THE PROBLEM:
Would you return the listing that follows exactly, leaving its pictures behind?

INFORMATION PROVIDED:
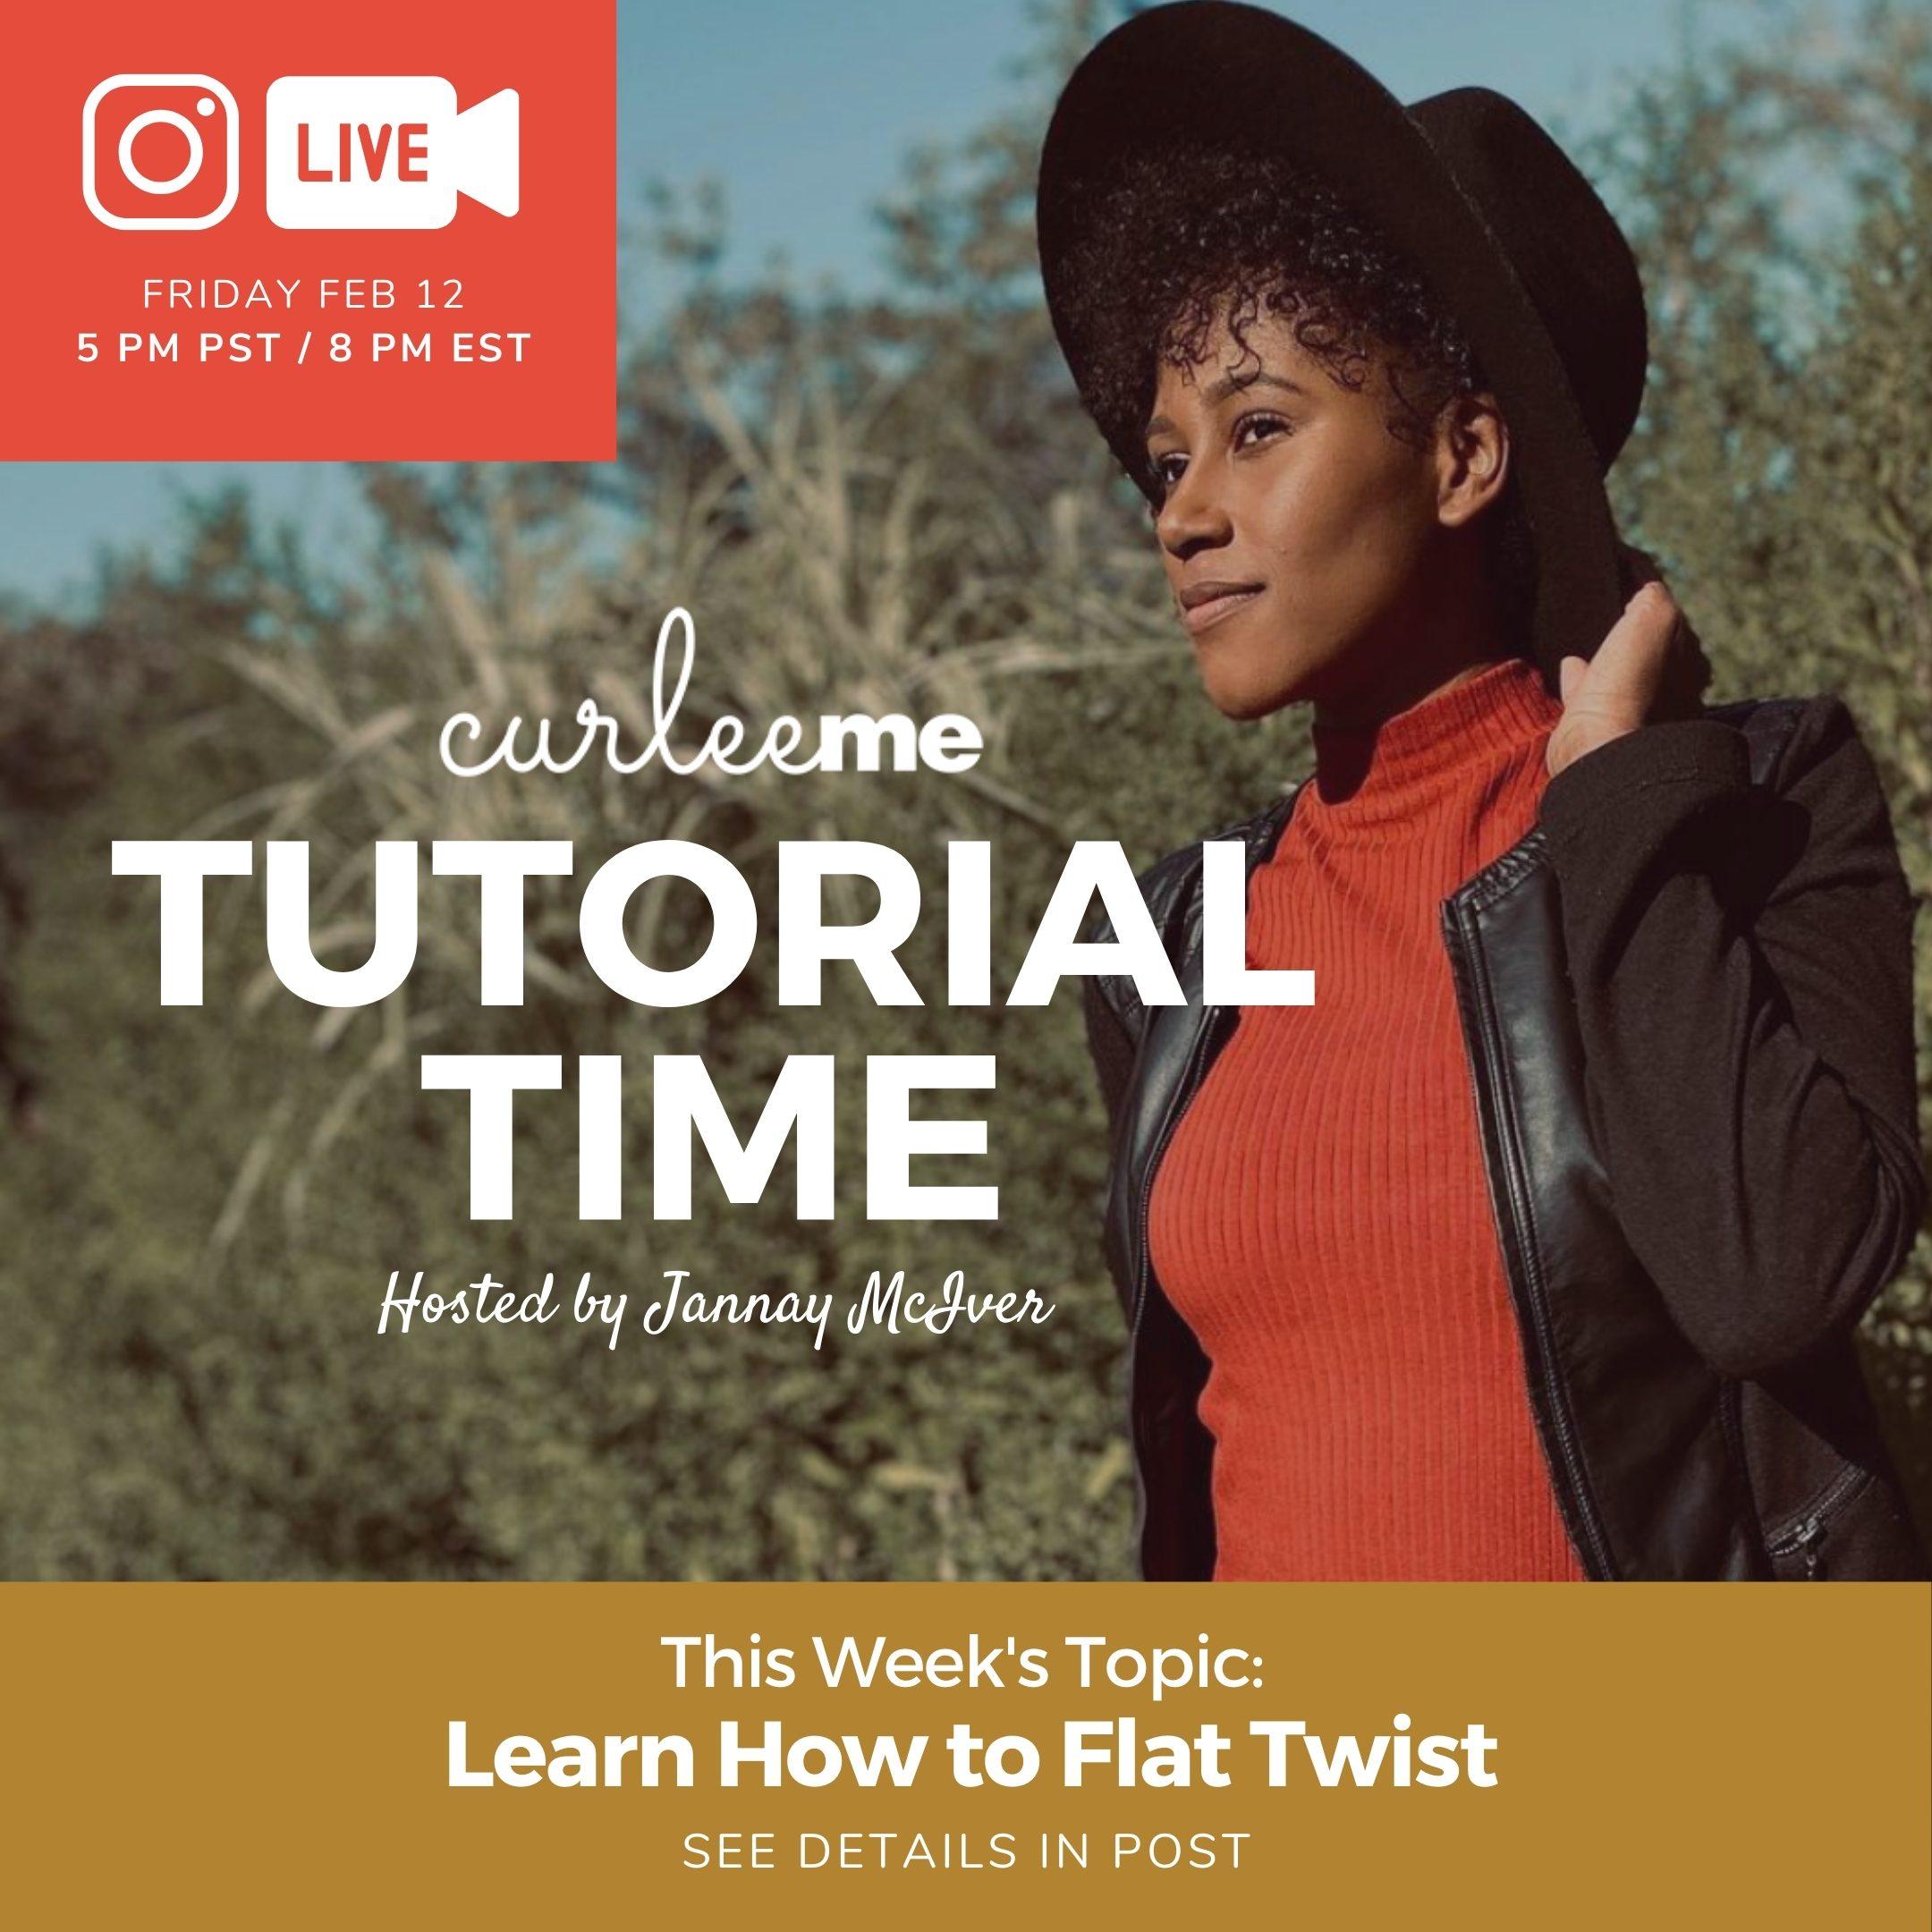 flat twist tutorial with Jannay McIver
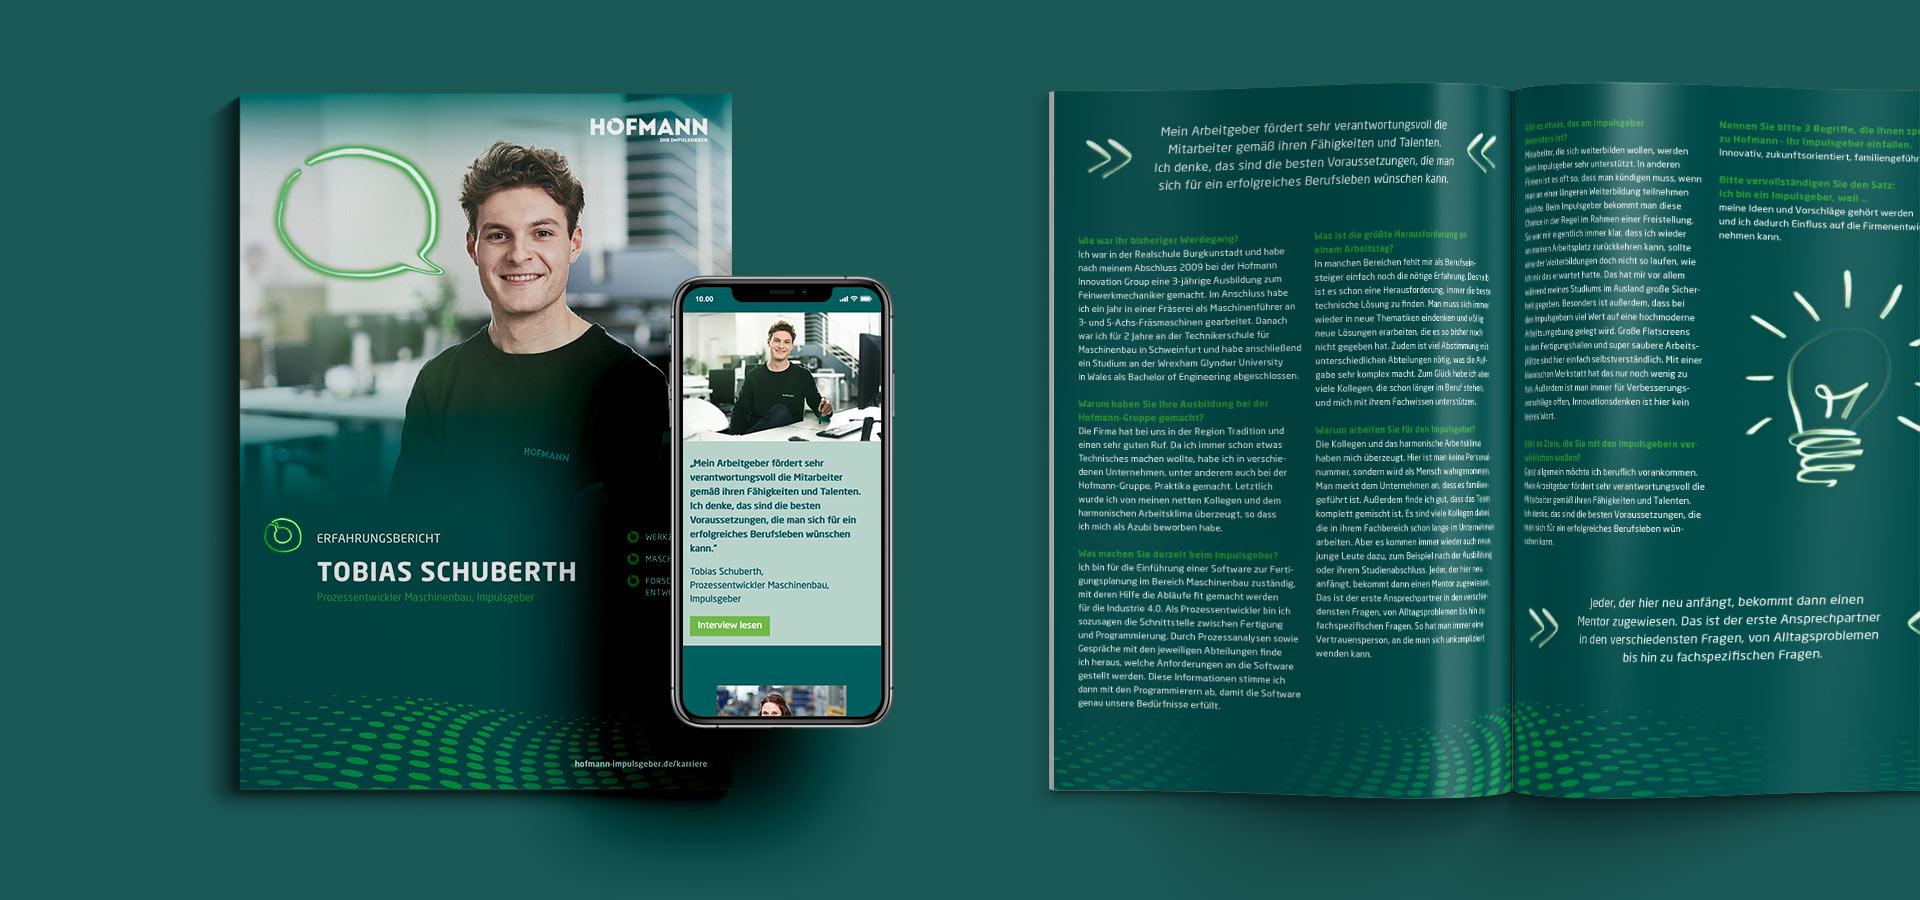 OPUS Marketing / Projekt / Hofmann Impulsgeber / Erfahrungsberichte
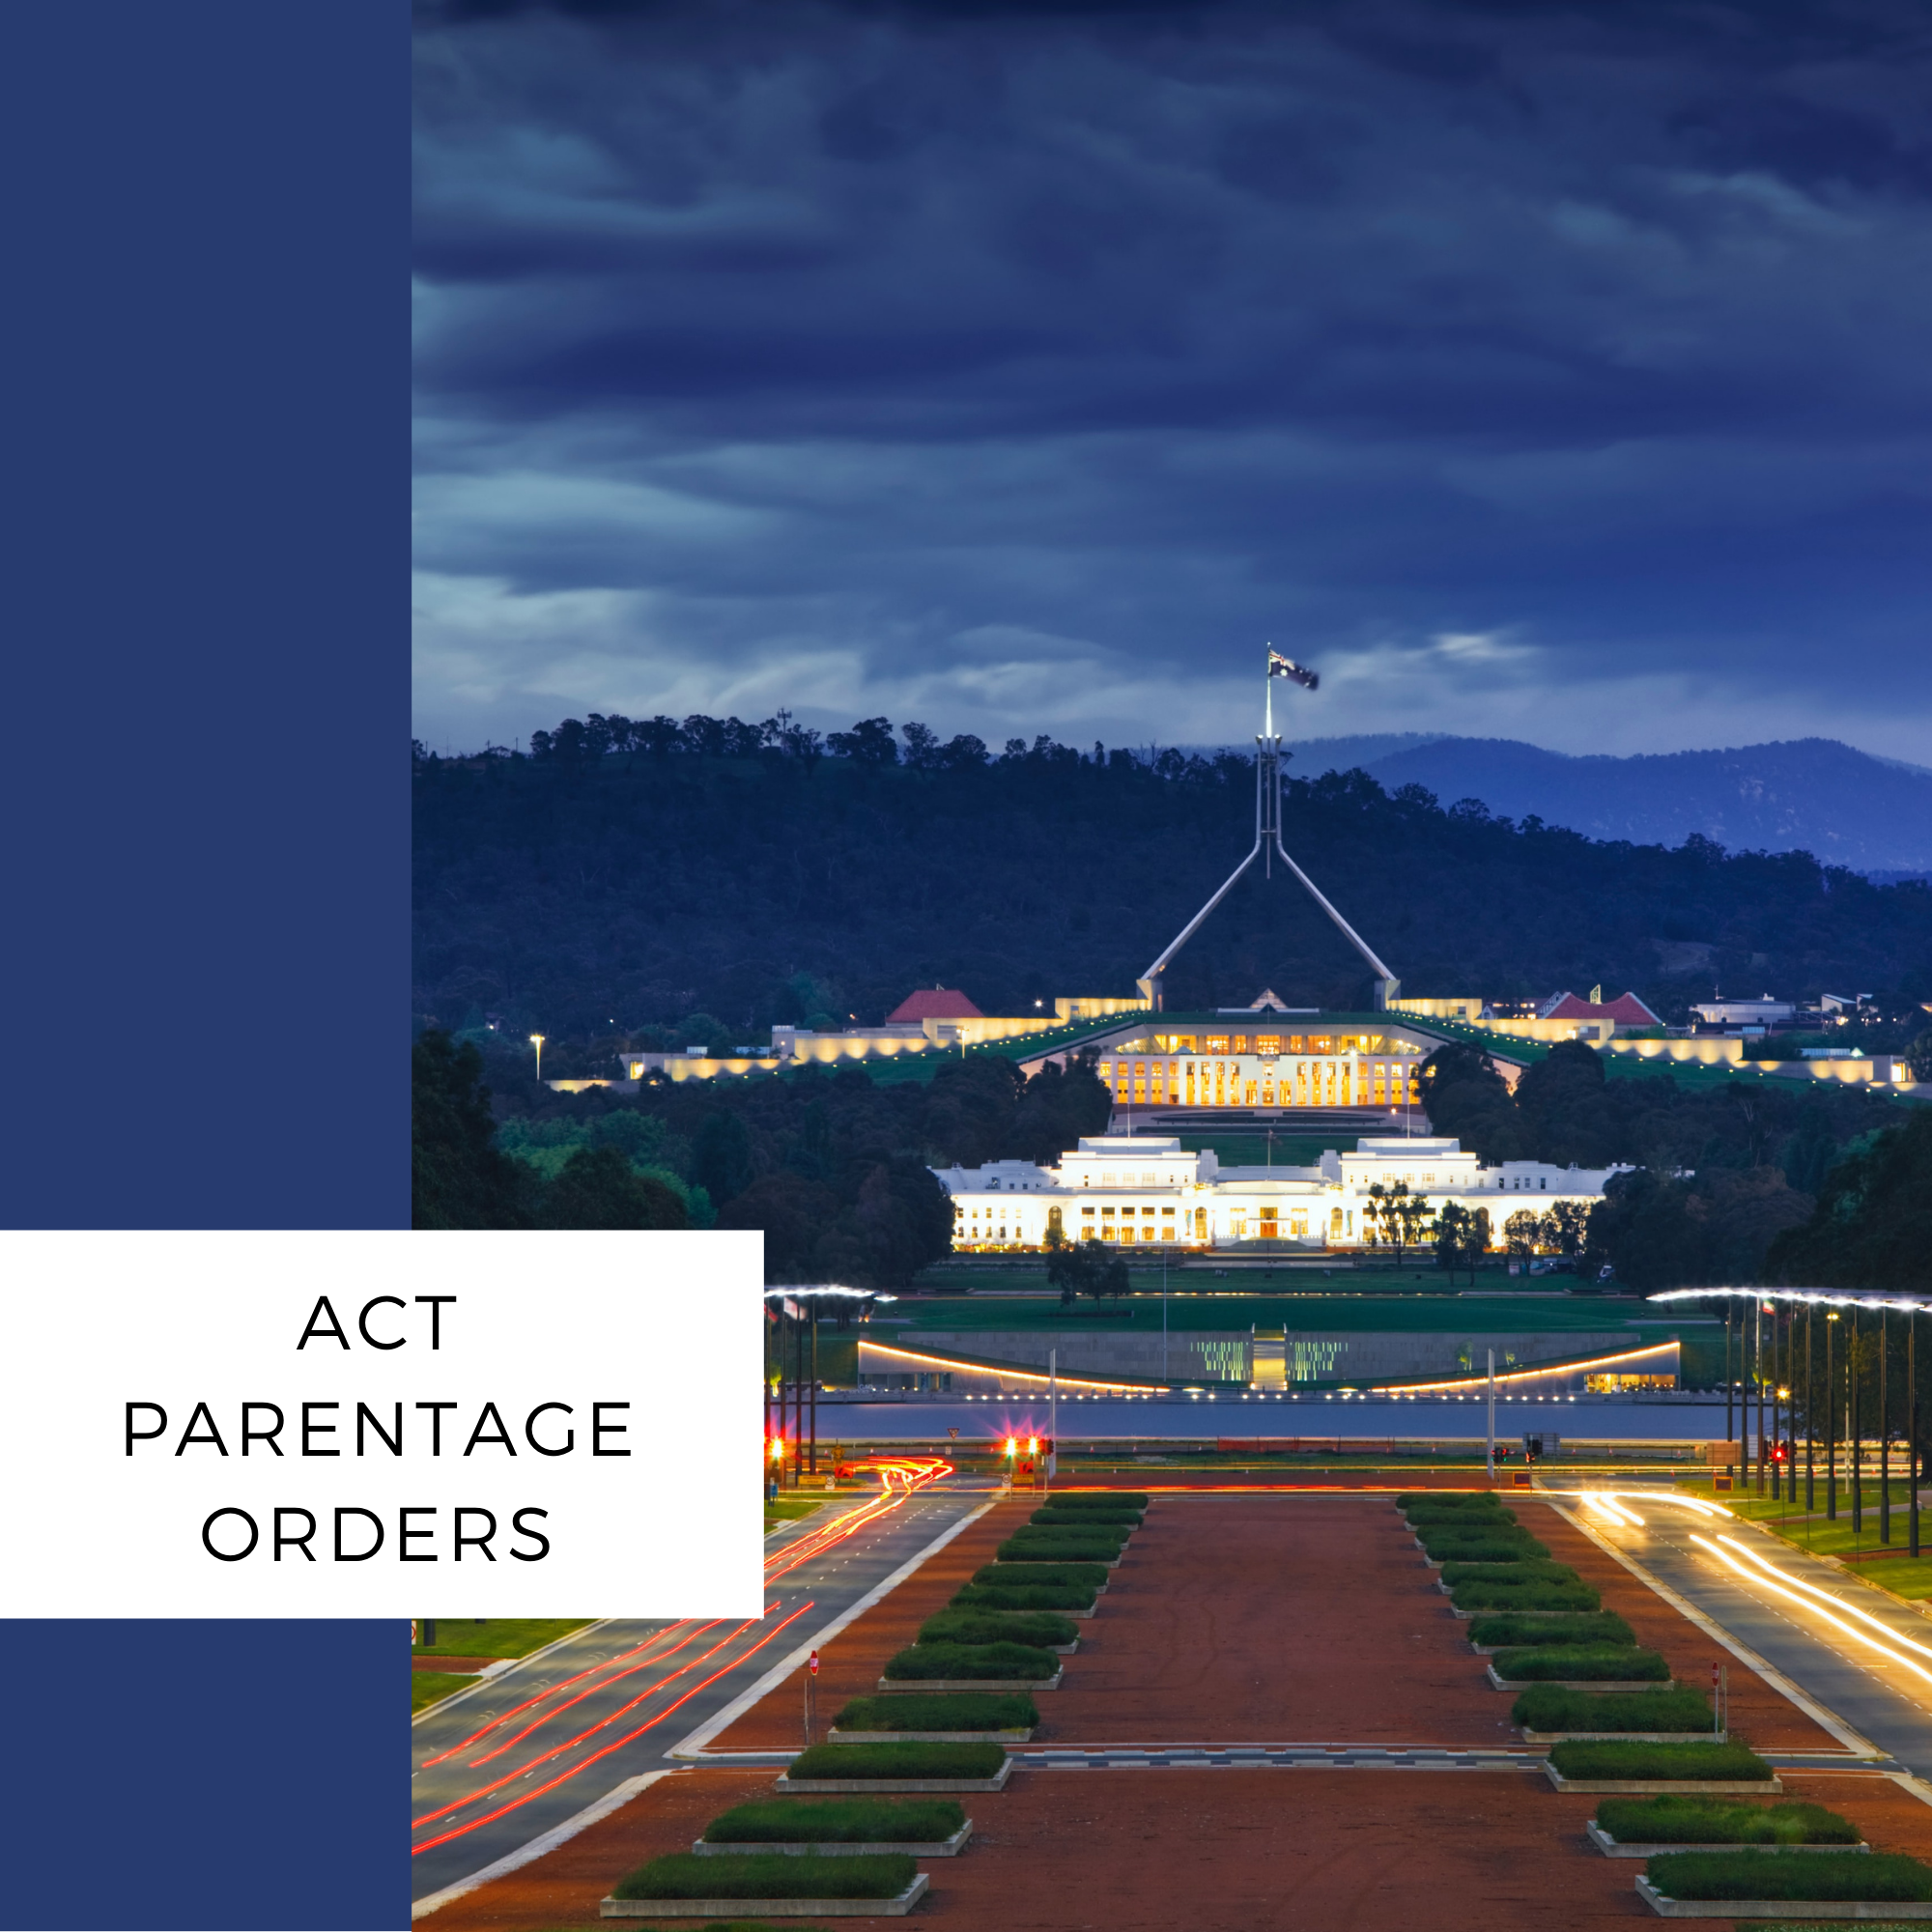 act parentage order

ANSWER SECTION:
 flat twist tutorial with Jannay McIver
 OPUS Marketing / Projekt / Hofmann Impulsgeber / Erfahrungsberichte
 act parentage order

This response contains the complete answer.